* _Task to carry out_
Take the records below and set down exactly the lines from the one with "charmaine_ben_wedding_0209_websize.jpg" to the one with "Oryginalne meble designerskie", ends included; do not copy the pictures.

* _Provided data_
◆ ◆ ◆ ◆

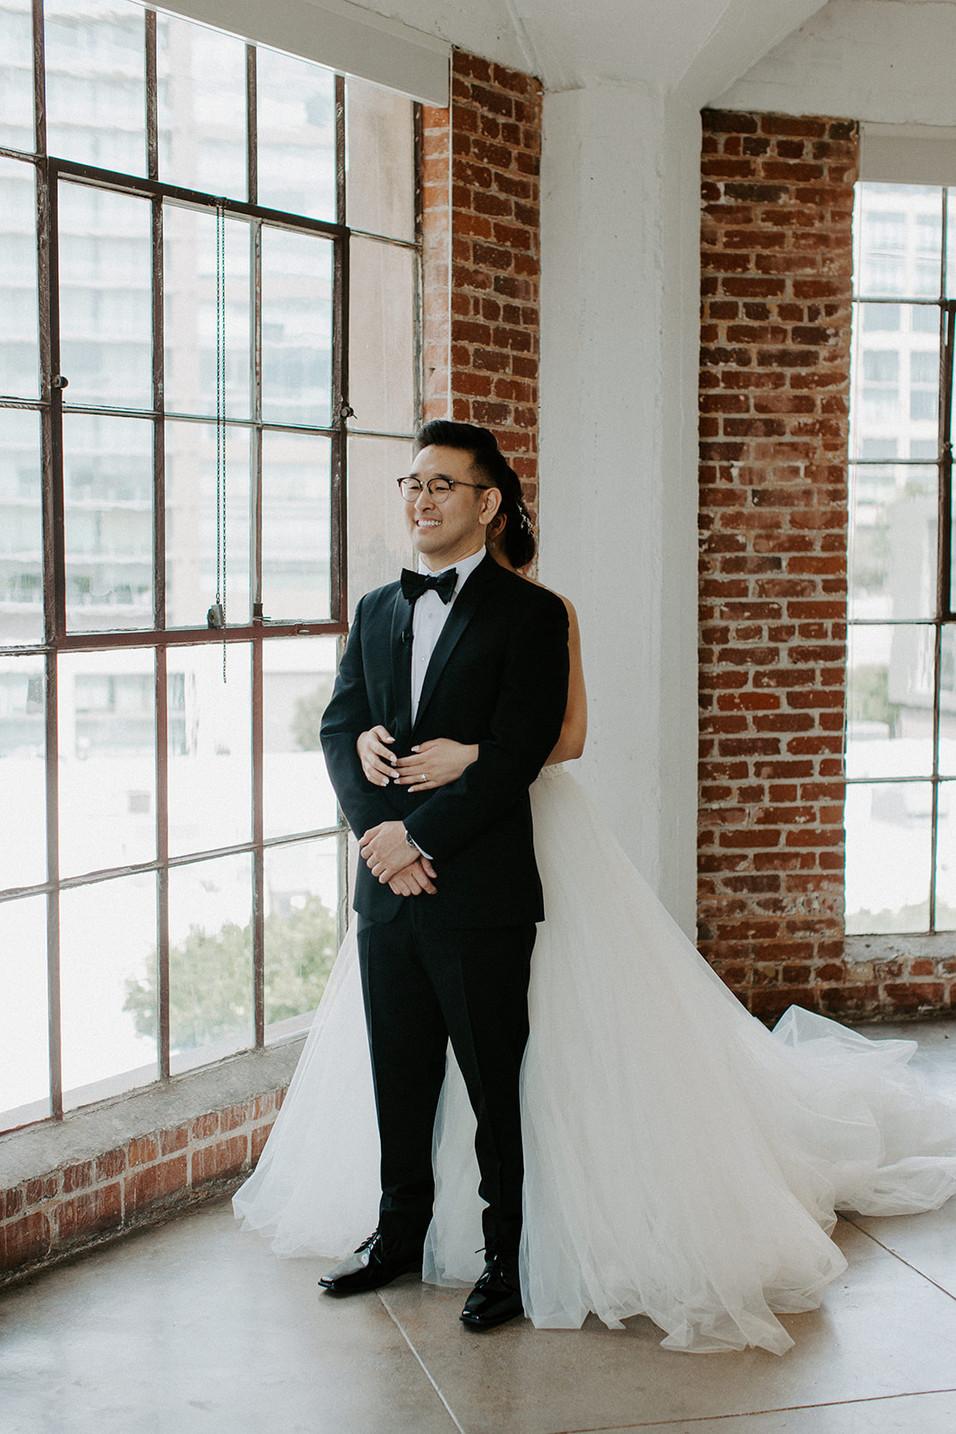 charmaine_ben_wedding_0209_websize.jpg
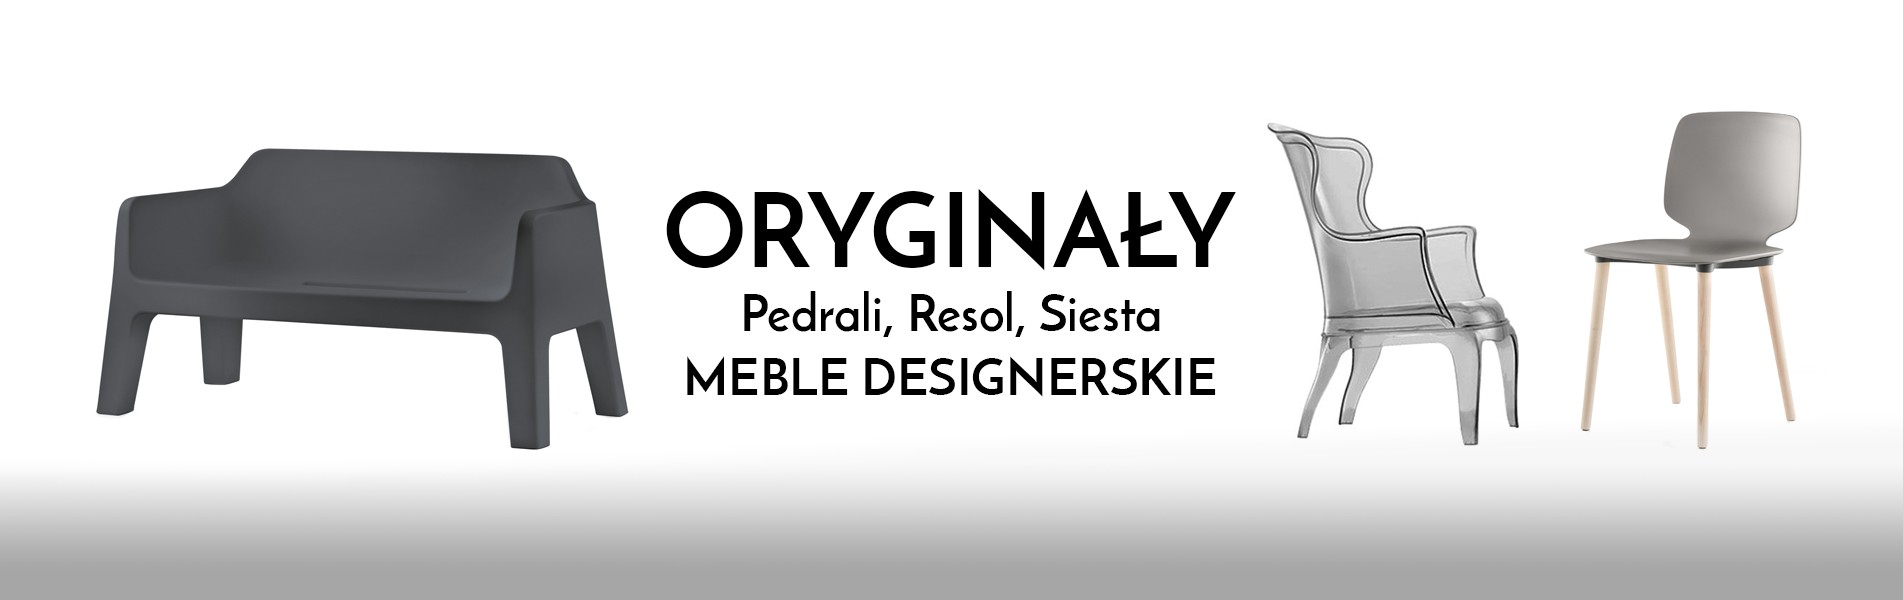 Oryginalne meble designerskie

◆ ◆ ◆ ◆

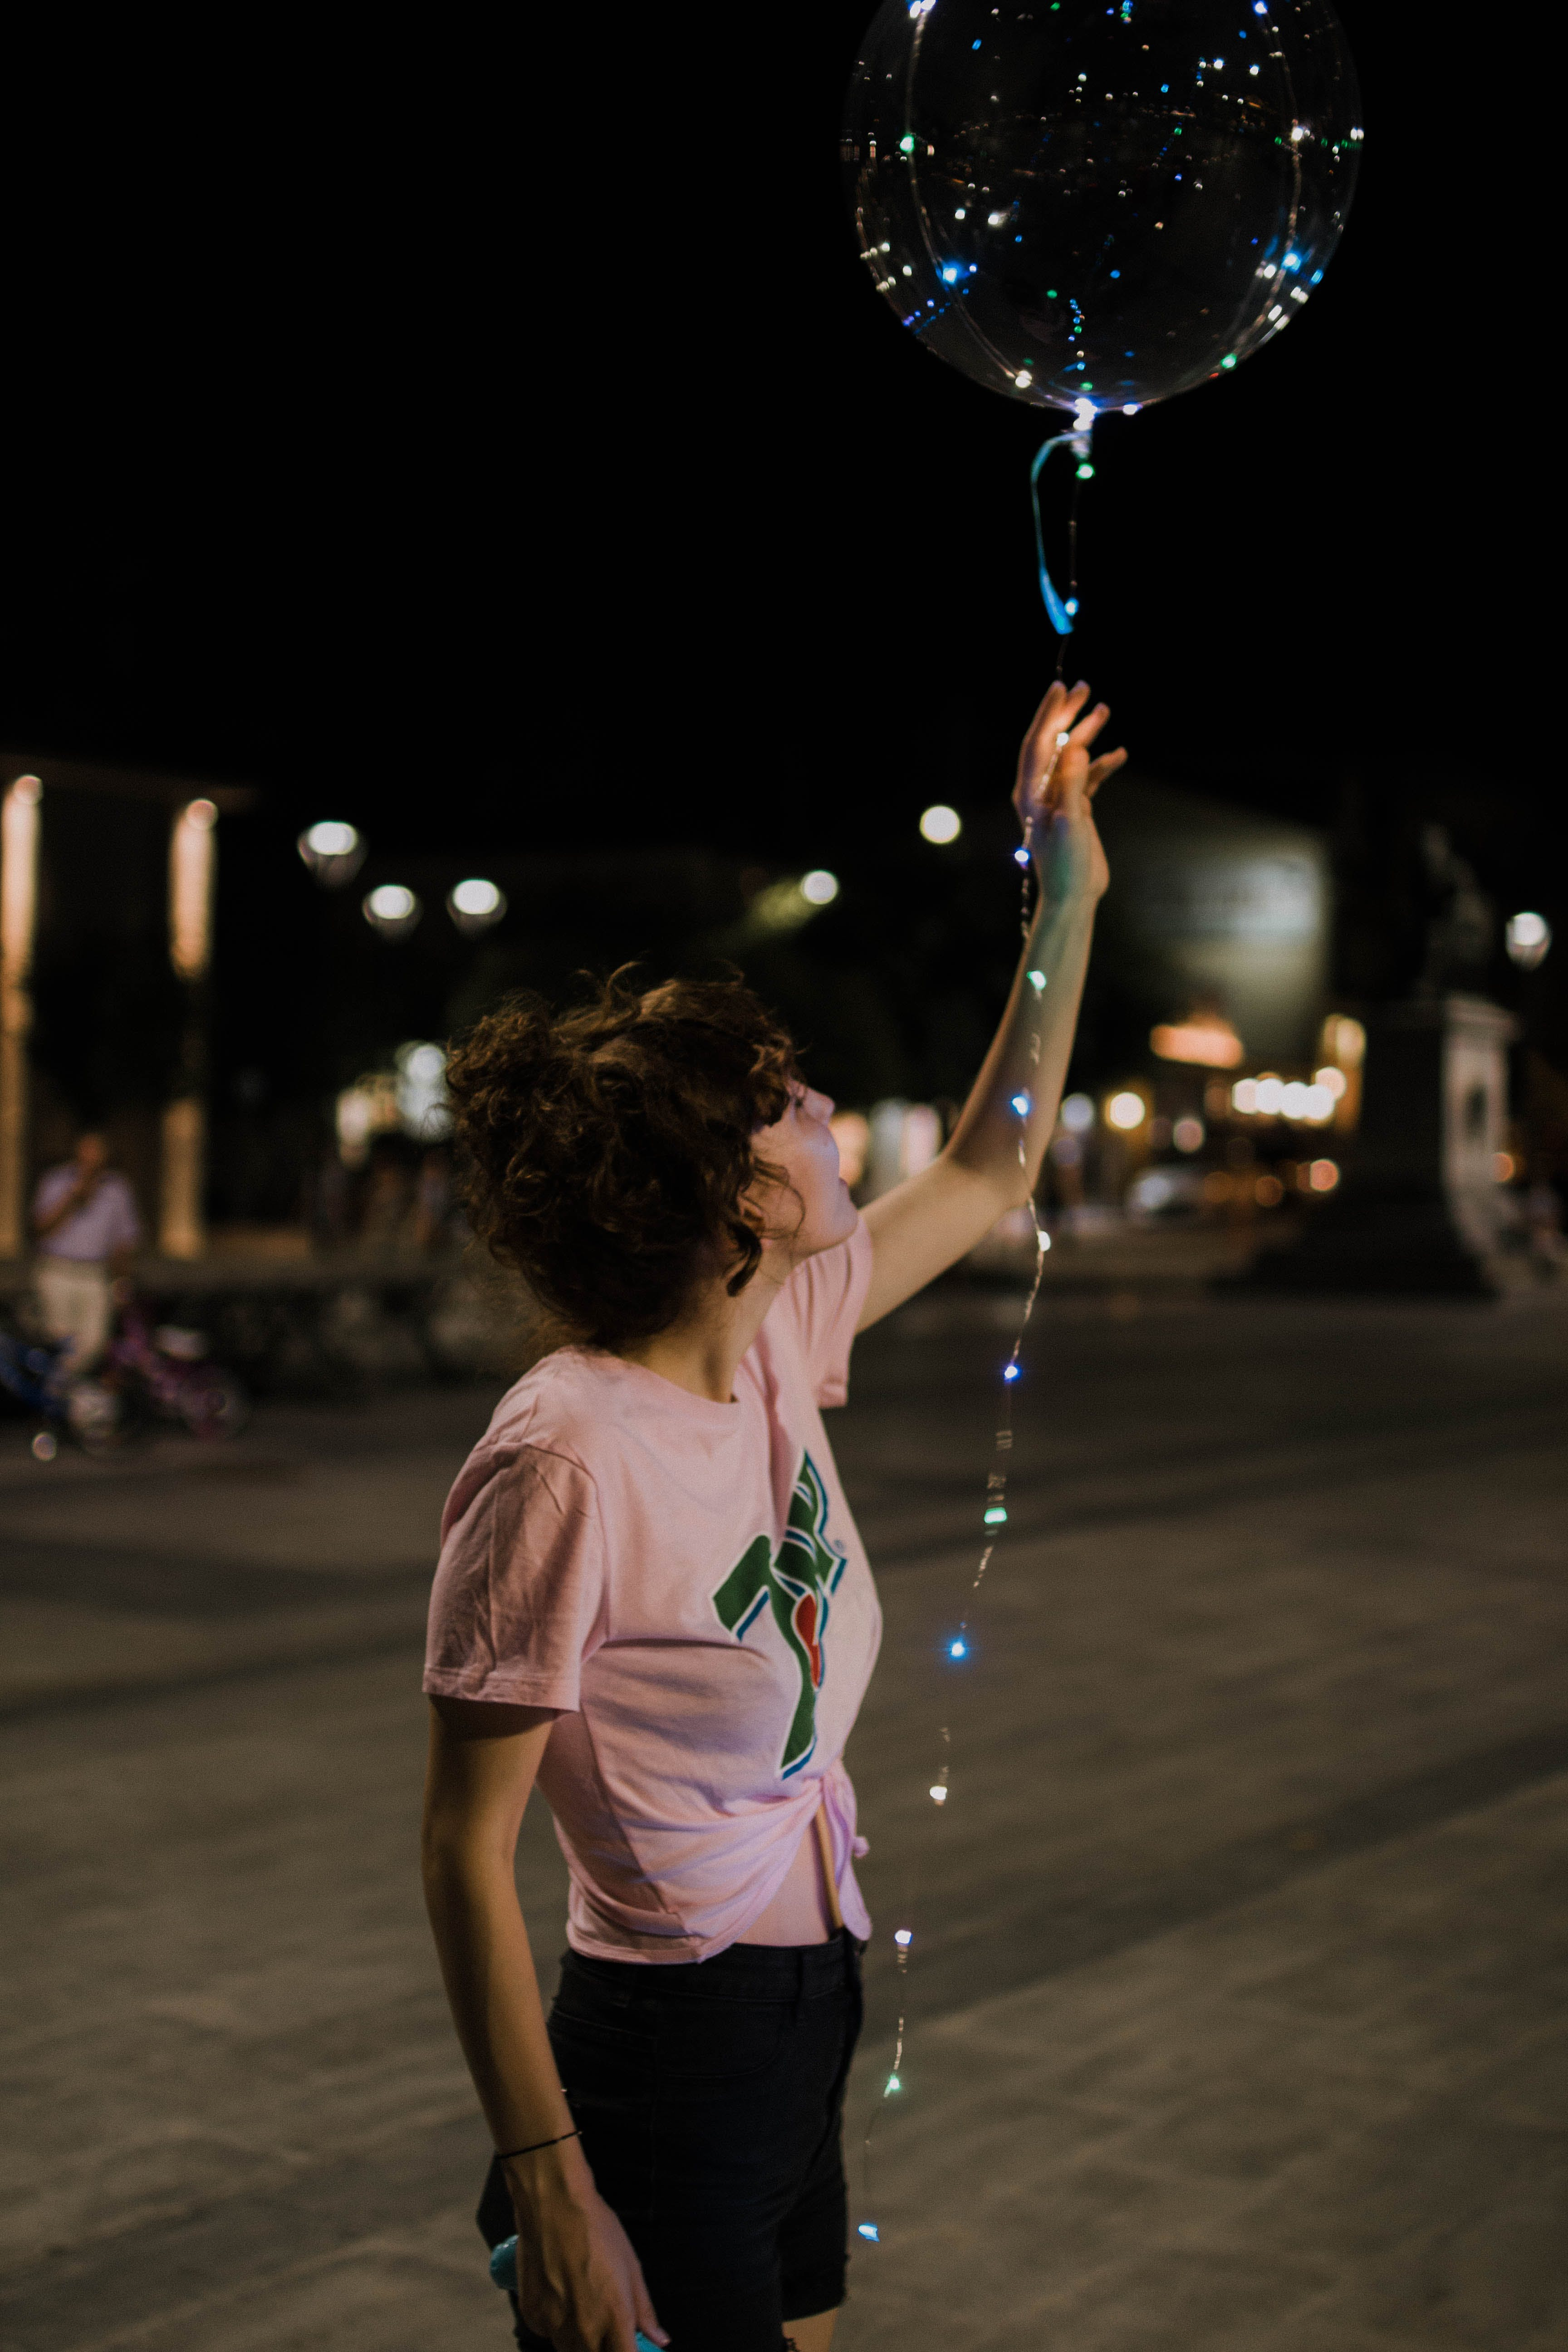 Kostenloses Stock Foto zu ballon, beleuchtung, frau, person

◆ ◆ ◆ ◆

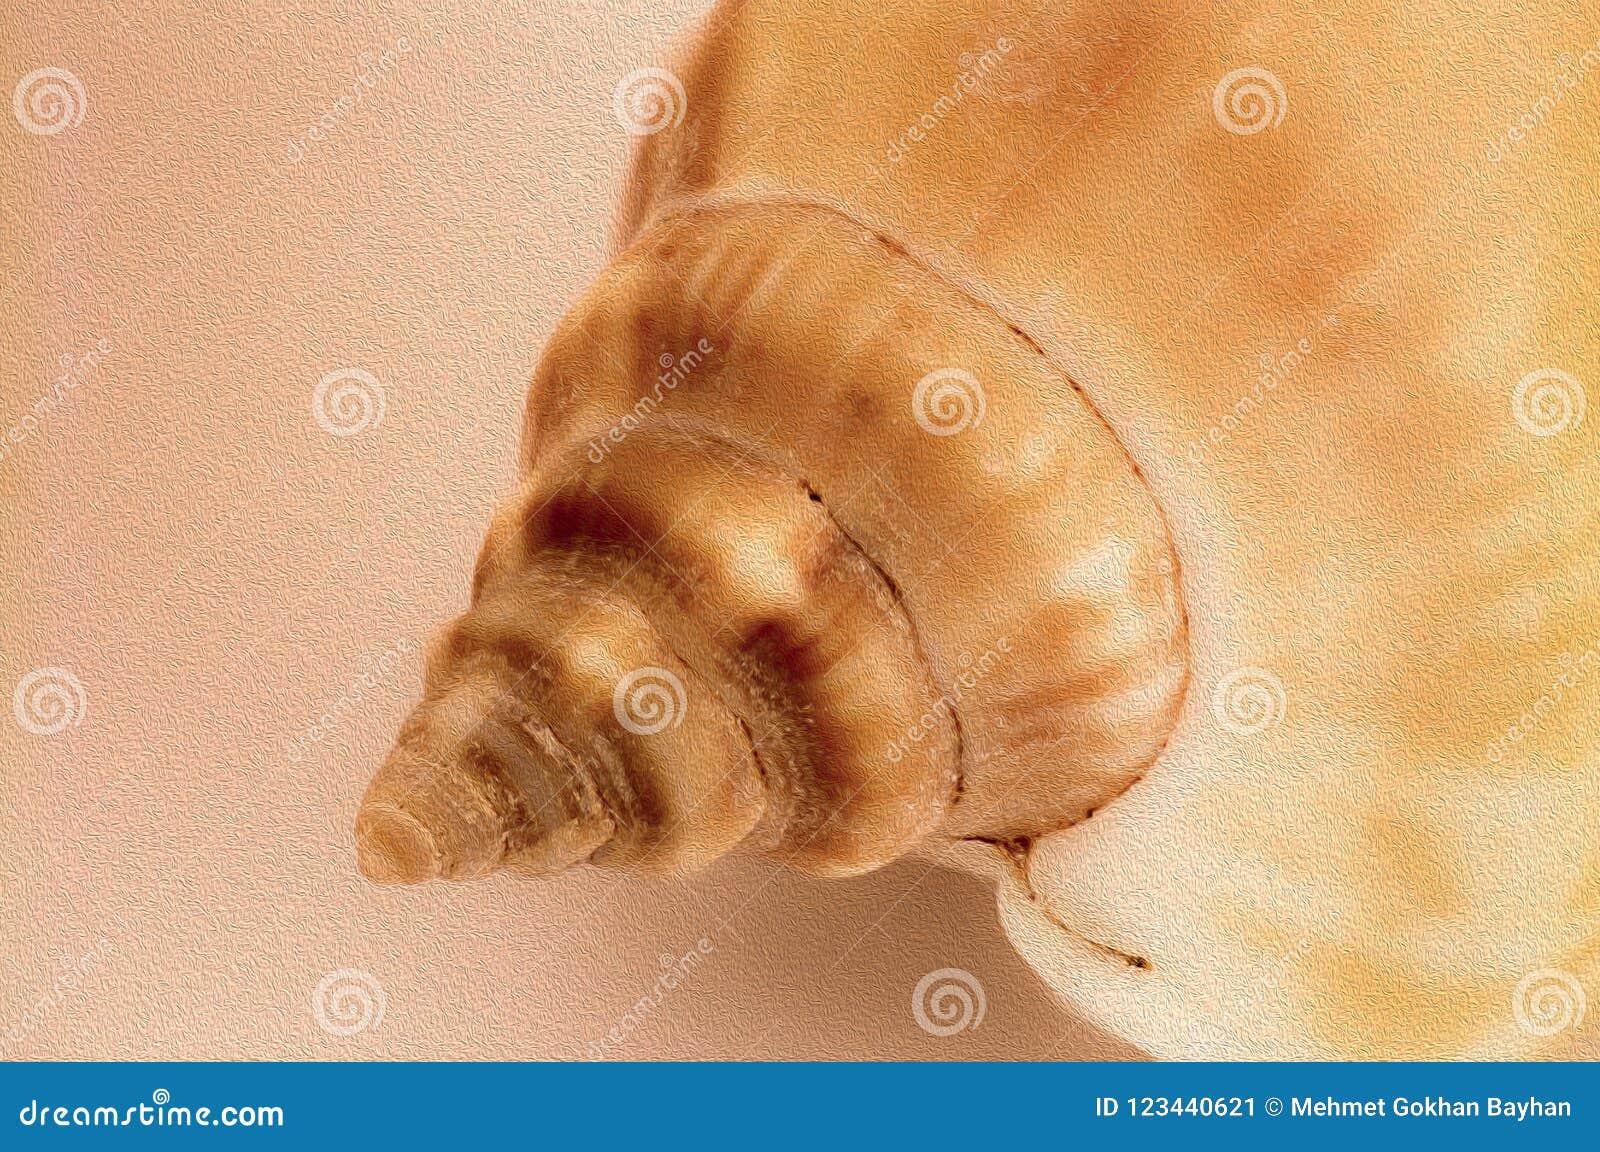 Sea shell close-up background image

◆ ◆ ◆ ◆

* _Response to this exercise_
 charmaine_ben_wedding_0209_websize.jpg
 Oryginalne meble designerskie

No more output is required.